Exercise requirements: Output only the lines of the entries that follow, starting at the one with "Bisley One Piece" and running down to the one with "Main image 5", both included and unchanged.

Supplied records:

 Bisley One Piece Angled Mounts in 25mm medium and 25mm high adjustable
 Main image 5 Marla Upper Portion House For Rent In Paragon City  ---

...

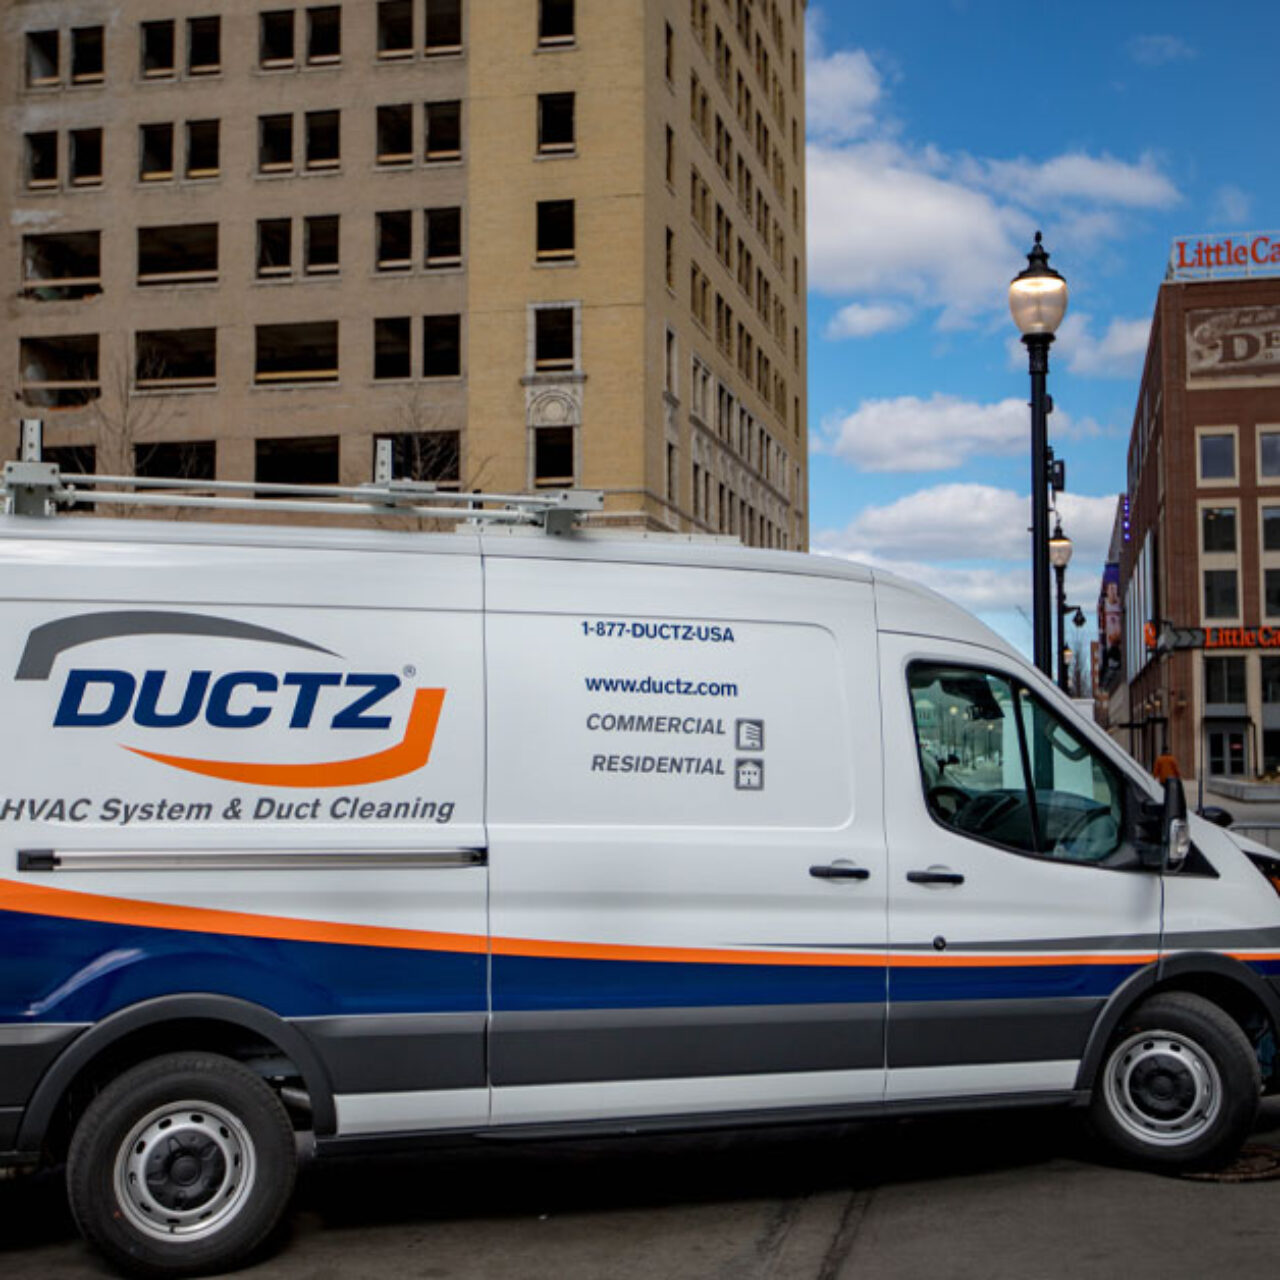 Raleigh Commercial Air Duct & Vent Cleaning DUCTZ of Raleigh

==

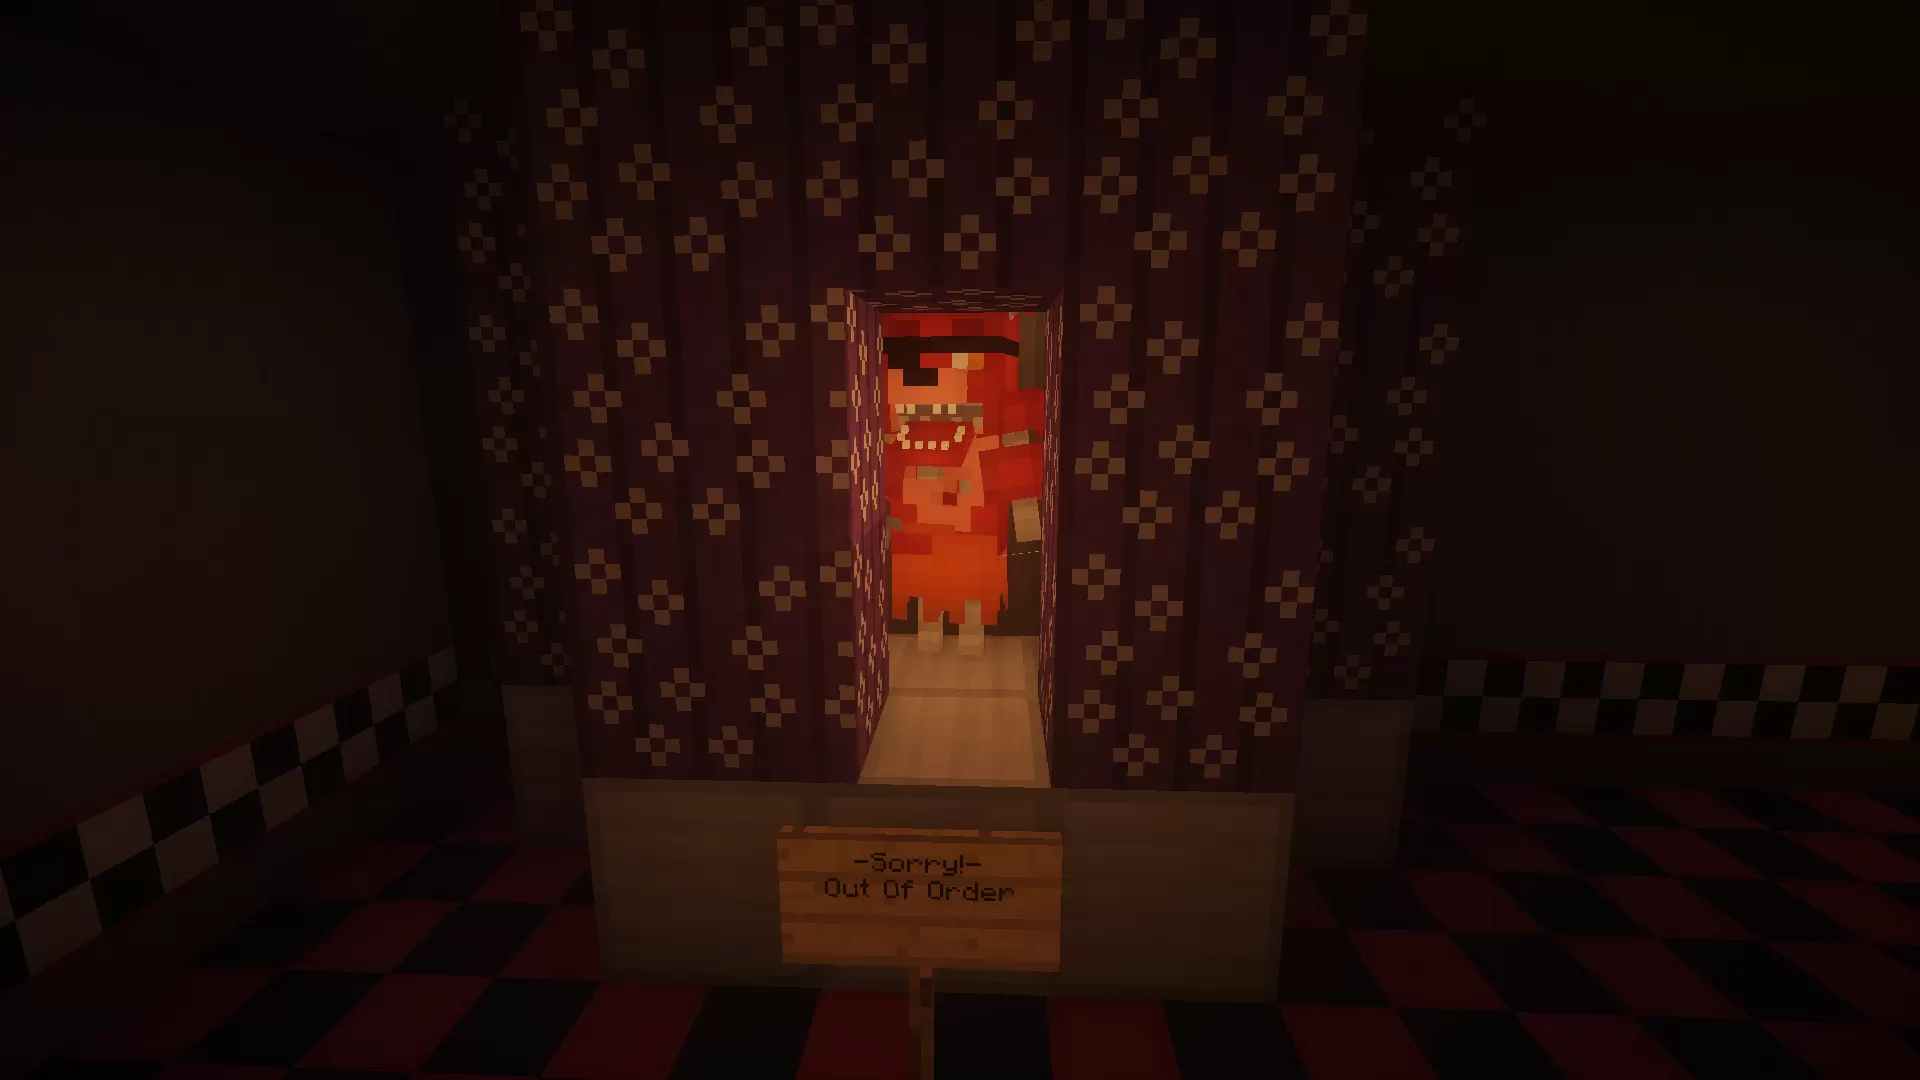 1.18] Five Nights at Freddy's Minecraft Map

Response to the exercise:
 Bisley One Piece Angled Mounts in 25mm medium and 25mm high adjustable
 Main image 5 Marla Upper Portion House For Rent In Paragon City  ---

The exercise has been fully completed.